AIM OF THE TASK:
Each line of the records that holds the word "Hintergrund" should be copied out.

DATA SHOWN:
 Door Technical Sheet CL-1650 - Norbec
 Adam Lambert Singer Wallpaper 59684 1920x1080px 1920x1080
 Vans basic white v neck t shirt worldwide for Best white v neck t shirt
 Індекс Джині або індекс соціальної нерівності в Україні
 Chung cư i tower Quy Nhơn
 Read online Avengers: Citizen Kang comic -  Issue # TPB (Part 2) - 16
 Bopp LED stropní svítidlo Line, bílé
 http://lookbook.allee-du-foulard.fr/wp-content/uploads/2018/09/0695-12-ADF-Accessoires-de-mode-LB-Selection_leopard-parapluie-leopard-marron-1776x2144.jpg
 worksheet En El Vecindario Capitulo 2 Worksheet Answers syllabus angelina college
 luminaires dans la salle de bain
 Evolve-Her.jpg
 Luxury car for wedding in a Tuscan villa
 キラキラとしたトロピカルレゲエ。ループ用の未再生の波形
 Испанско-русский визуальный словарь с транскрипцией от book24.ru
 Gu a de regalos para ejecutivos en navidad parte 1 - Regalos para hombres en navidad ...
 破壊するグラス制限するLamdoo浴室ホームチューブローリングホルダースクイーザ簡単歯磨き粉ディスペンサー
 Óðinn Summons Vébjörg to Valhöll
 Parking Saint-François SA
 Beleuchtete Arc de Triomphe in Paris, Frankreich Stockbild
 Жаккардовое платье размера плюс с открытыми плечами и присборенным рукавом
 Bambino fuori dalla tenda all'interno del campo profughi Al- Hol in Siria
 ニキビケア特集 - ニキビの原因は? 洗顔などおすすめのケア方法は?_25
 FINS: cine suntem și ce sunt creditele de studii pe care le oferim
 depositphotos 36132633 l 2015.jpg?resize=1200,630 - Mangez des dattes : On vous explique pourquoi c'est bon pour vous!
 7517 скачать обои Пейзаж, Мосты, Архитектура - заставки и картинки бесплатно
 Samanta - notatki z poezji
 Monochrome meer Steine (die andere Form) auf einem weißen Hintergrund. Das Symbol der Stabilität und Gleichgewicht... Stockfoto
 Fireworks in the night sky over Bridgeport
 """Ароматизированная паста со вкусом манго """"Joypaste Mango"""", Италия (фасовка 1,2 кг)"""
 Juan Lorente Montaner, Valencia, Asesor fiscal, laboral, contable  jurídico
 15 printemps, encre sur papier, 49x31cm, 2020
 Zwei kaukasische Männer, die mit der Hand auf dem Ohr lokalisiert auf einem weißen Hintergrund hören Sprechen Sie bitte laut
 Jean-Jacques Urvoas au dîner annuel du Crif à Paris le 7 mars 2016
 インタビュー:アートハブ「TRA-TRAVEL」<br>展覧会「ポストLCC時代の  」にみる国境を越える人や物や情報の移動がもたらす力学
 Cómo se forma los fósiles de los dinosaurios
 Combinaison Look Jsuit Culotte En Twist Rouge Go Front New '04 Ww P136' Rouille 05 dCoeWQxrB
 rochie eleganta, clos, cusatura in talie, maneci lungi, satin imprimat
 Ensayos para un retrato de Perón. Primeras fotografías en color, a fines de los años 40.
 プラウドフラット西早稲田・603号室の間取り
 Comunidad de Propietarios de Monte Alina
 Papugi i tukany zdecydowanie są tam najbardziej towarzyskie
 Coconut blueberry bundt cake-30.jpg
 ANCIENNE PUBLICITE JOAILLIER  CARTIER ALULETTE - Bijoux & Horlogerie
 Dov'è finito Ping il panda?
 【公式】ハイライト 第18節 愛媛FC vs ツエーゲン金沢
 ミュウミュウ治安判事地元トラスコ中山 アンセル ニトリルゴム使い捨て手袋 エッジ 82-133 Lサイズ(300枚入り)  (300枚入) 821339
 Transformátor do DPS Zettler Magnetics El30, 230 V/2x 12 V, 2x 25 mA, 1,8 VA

EXERCISE OUTPUT:
 Monochrome meer Steine (die andere Form) auf einem weißen Hintergrund. Das Symbol der Stabilität und Gleichgewicht... Stockfoto
 Zwei kaukasische Männer, die mit der Hand auf dem Ohr lokalisiert auf einem weißen Hintergrund hören Sprechen Sie bitte laut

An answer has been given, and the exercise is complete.